I have been very lucky in terms of collaborators. In fact, I've had the best in the world: my partner Nitin Patel, my colleague Pralay Senchauduri, who collaborates on the algorithms and converts them into experimental code, and my colleague Yogesh Gajjar, who handles the systems end and keeps abreast of the technology which changes at a breathless pace.

 

I have been privileged to have had the opportunity to work with many brilliant faculty members at Harvard School of Public Health. For the EaSt software I was able to collaborate with Butch Tsiatis and Kyungmann Kim. In terms of the newer work we are doing on toxicology and carcinogenicity, I am very fortunate to have the opportunity to work with Louise Ryan and Paul Catalano. In the future I will be able to collaborate with L.J. Wei on his work in model checking and with Joseph Ibrahim on his work in missing data analysis.

SL: Where do you see Cytel when it comes time to celebrate the twentieth-year anniversary?

CM: I think we will stay very focused and will solve major technical problems such as we did in the first ten years. We solved the major technical problems in contingency tables and in the next ten years we'd like to solve the problems for discrete regression models.

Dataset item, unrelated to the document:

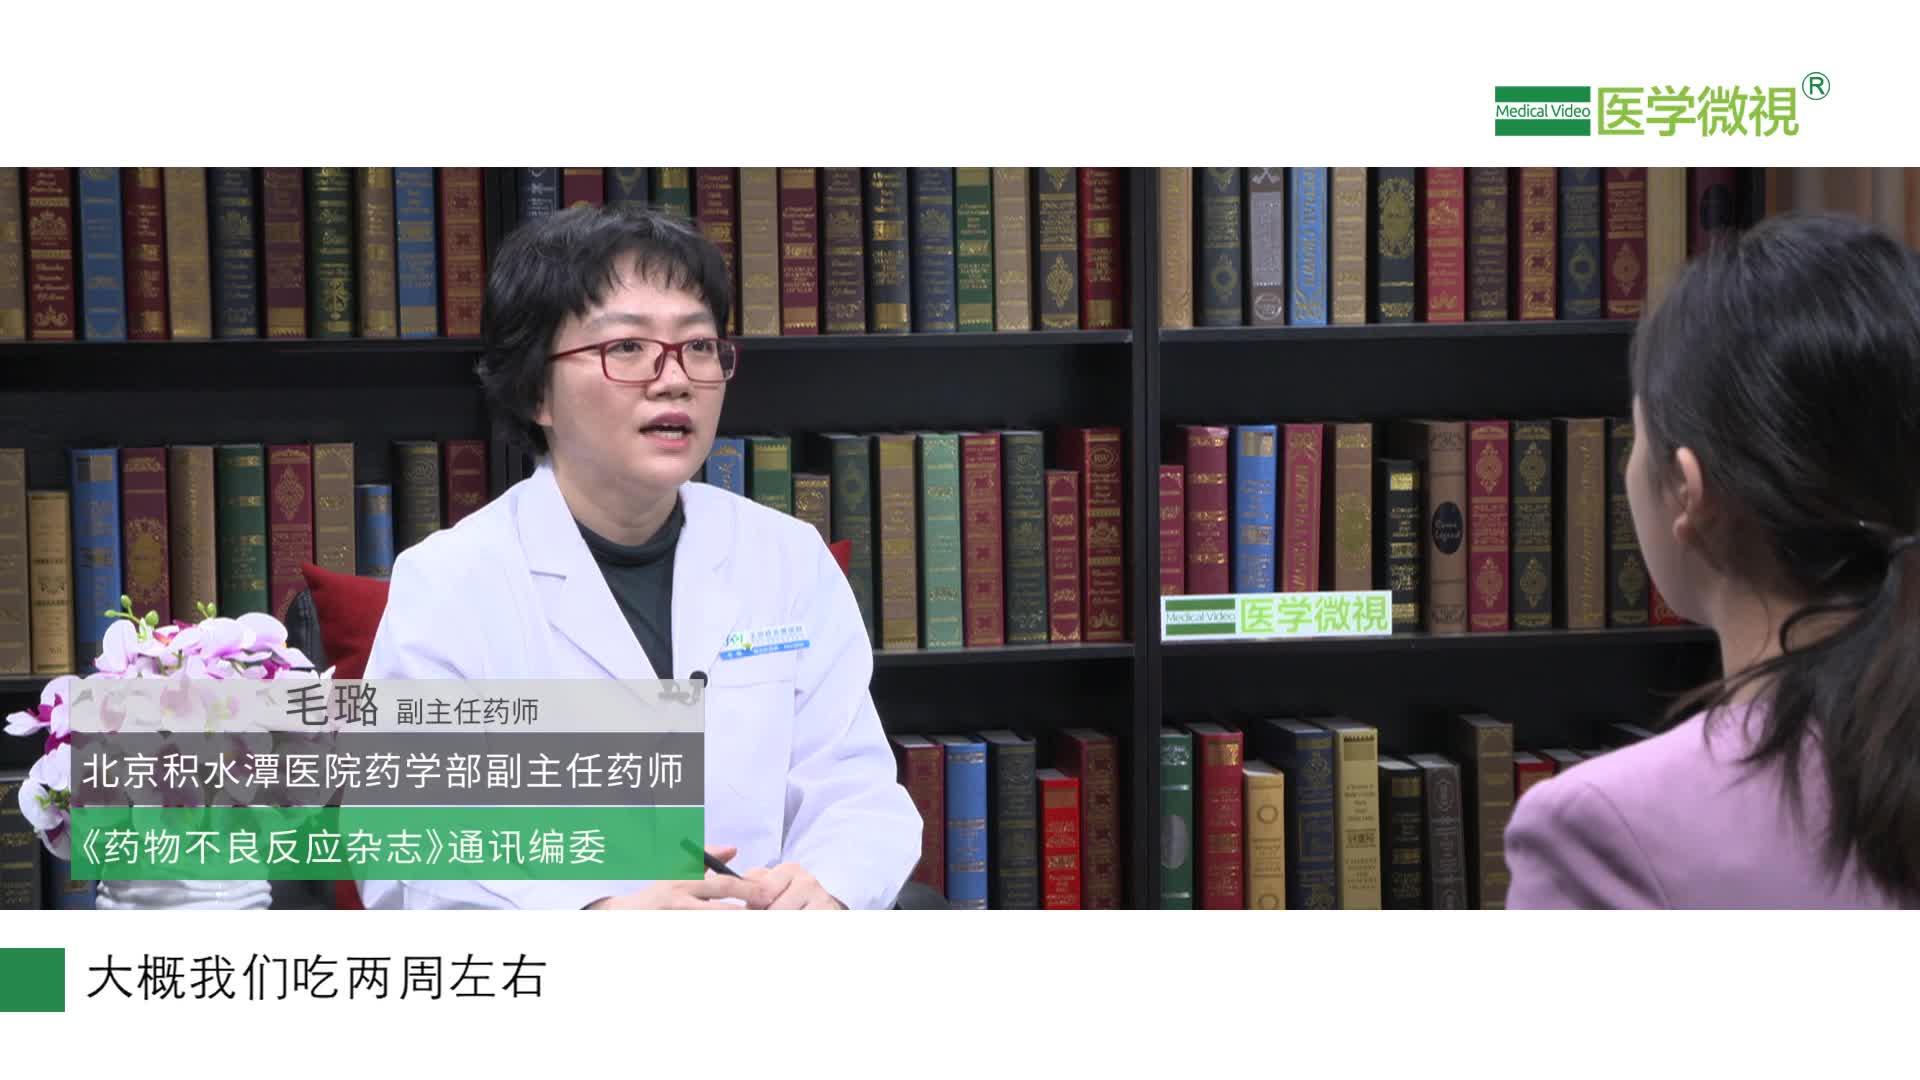 双氯芬酸治疗关节炎多久见效?需要服用多久?能长期用吗?

I think that when the time comes to celebrate the twentieth anniversary our products will be available through numerous channels, not just through Cytel. Our goal is that these products will be integrated with all major statistical packages as well as with spreadsheet software like Excel. In addition, the software will, of course, be available directly from the internet. For us, connectivity and multi-platform compatibility are important since we develop highly specialized software for advanced types of statistical problems. That is why we worked hard during the first 10 years to be part of SAS and SPSS, where the basics are already provided. In the next ten years our goal is to be a household name with every producer and consumer of statistical products.

Cytel is having a 10th anniversary party at the Joint Statistical Meetings this August in Dallas. All friends of the Harvard Biostatistics Department are invited to join us.